39    The appellant submitted that by letter to the respondent dated 21 March 2016 it had sought to vary its registrations but that the respondent had not treated the letter as an application for a variation. It submitted that during the course of the hearing before the Tribunal it sought an adjournment in order that the application for a variation could be considered, or that it could obtain an internal review by the respondent of its failure to approve the variation, but that it was met by the objection, which it accepts as valid, that an application cannot be varied while it is under review by the Tribunal. It says that it was denied procedural fairness by the Tribunal by the Tribunal’s refusal of an adjournment so that it could obtain an internal review by the respondent of its failure to approve the variation that had been sought in the letter.

40    There are a number of difficulties with this ground. First, it is not at all clear that the letter of 21 March 2016 was an application for a variation. The letter is stated to be in response to a letter from the respondent dated 25 January 2016 in which the respondent notified the appellant that the respondent was commencing an examination of the appellant’s R&D tax incentive registration in accordance with s 27F of the IRD Act. The letter invited the appellant to provide further information or documentary evidence. The appellant’s letter of 21 March 2016 was on the face of it a response to that invitation and was expressed to set out “some more relevant details of our engagement with technology providers, Veritec, the company that helped develop our water trading platform”. The letter ends with the statement that “[w]e trust this information better describes the activities undertaken.” There is nothing in the letter suggesting that it is any form of application for a variation of the registrations.

41    Secondly, it was only during the hearing before the Tribunal that the appellant for the first time sought to characterise the 21 March 2016 letter as an application to vary the registrations. If indeed the letter had been intended to be an application for a variation, the appellant had had the opportunity to pursue that at an earlier time.
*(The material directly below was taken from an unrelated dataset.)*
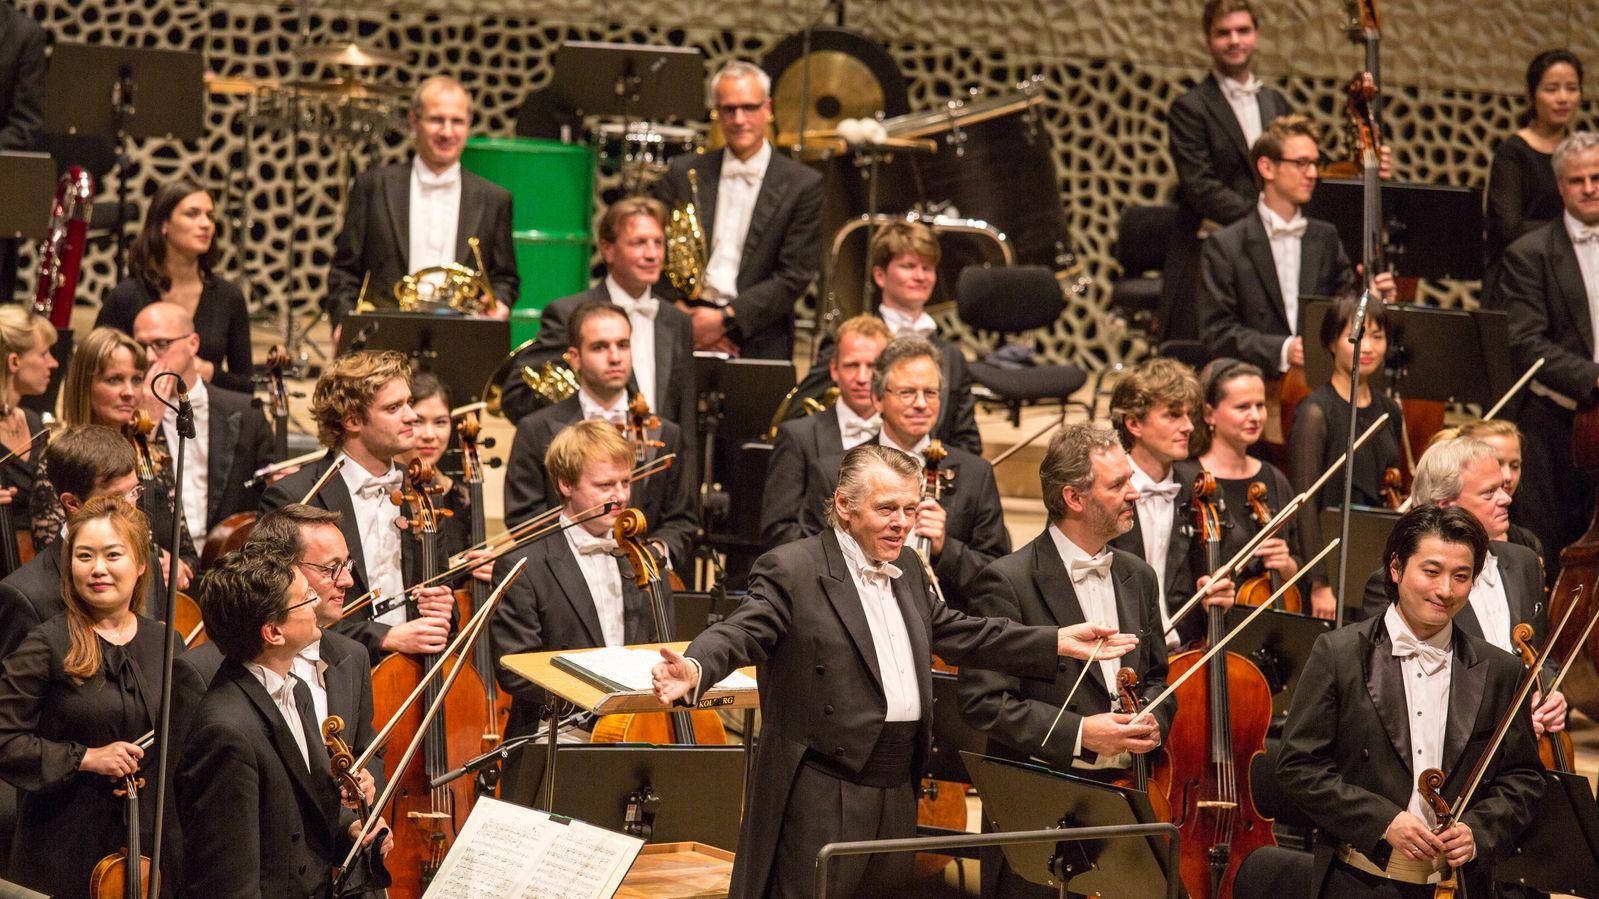 Chefdirigent Mariss Jansons und das Symphonieorchester des Bayerischen Rundfunk 2017 in der Elbphilharmonie in Hamburg.
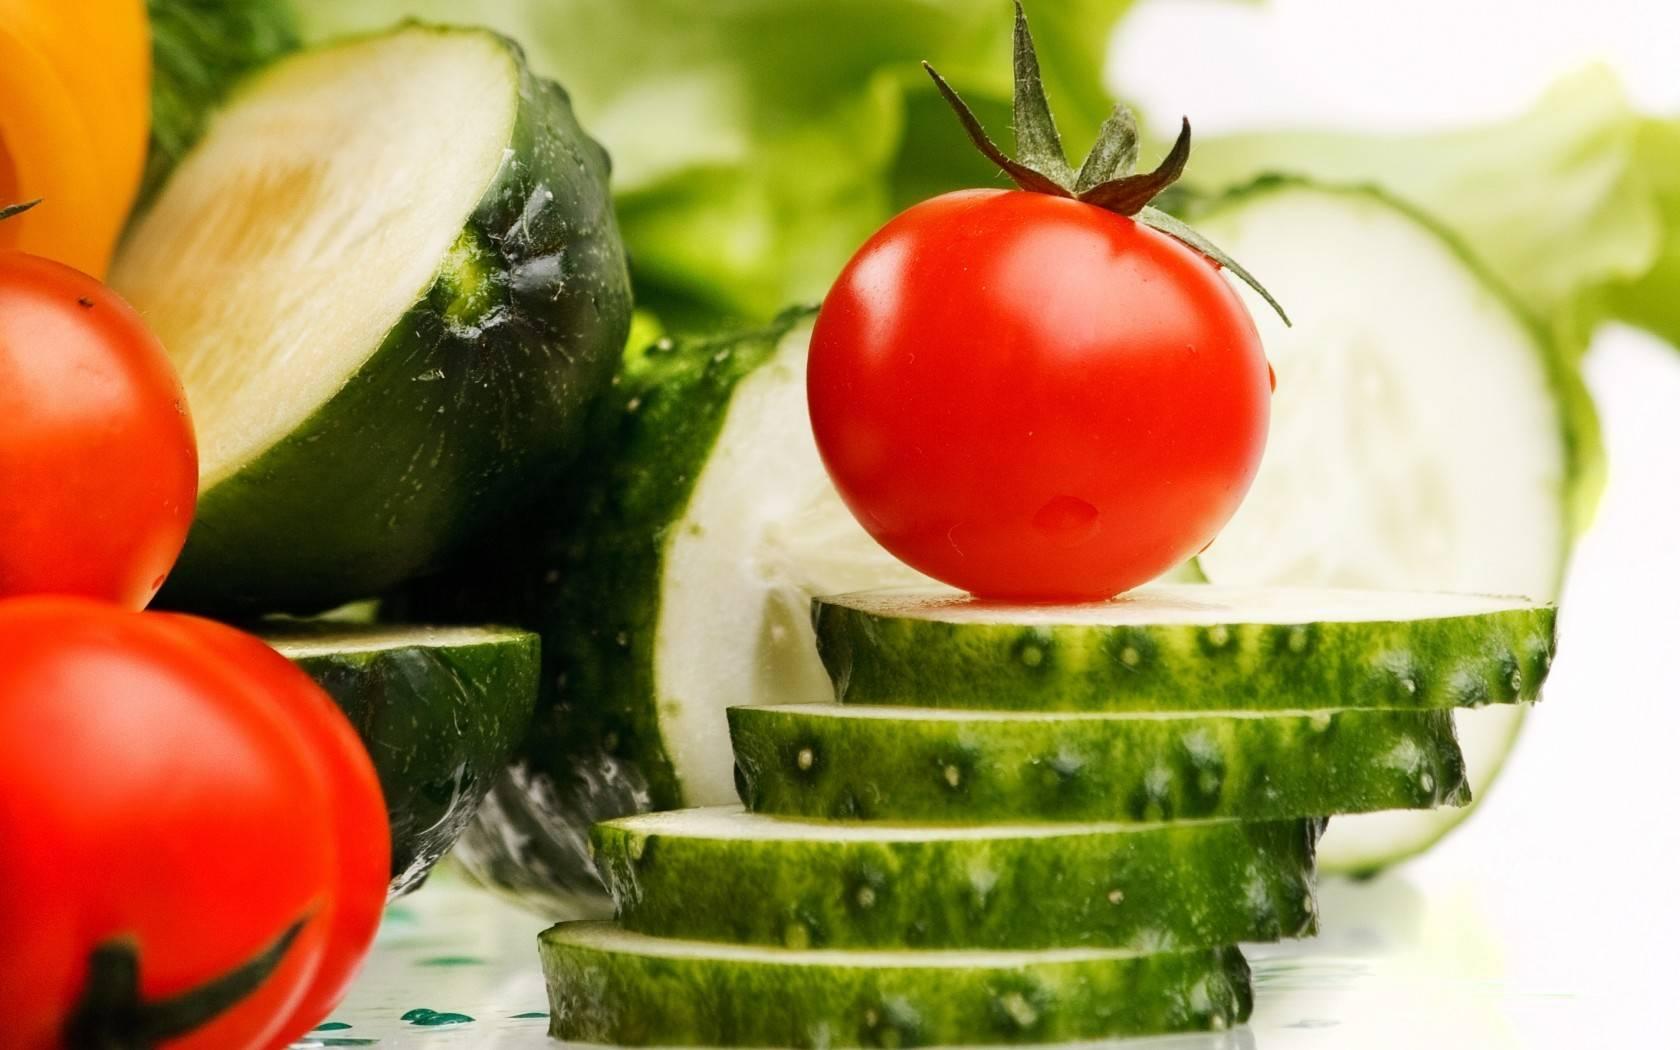 Помидор- это овощ или фрукт

42    Thirdly, as the appellant ultimately accepted, once the decision of the respondent was under external review in the Tribunal it was too late. That was the reason given by the Tribunal (at [33]) to refuse the adjournment.

43    The respondent may vary a s 27A registration if the R&D entity applies for the variation, the variation is consistent with the respondent’s findings under Pt III of the IRD Act (such as a finding under s 27J) and making the variation is justified in accordance with the decision-making principles: IRD Act, s 27M. The “decision-making principles” are principles, made by the Minister for Innovation, Industry, Science and Research by legislative instrument, that the respondent must comply with when making certain decisions, including when deciding whether a variation under s 27M is justified: IRD Act, s 32A(c).

44    Part 5 of the Industry Research and Development Decision-making Principles 2011 (Cth) contains the decision-making principles that apply to decisions made under s 27M of the IRD Act. These include that, except for minor amendments, the respondent must not vary a s 27A registration while a reviewable decision is the subject of an internal or external review under the IRD Act: Principles, s 5.2(3)(b)-(c).

45    In the circumstances, no relevant procedural unfairness on the part of the Tribunal in its process is even adequately identified never mind established. Ground 3 must accordingly fail.

Conclusion

46    For the above reasons, the appeal must be dismissed. There is no apparent reason why the costs should not follow the result.

I certify that the preceding forty-six (46) numbered paragraphs are a true copy of the Reasons for Judgment of the Honourable Justice Stewart.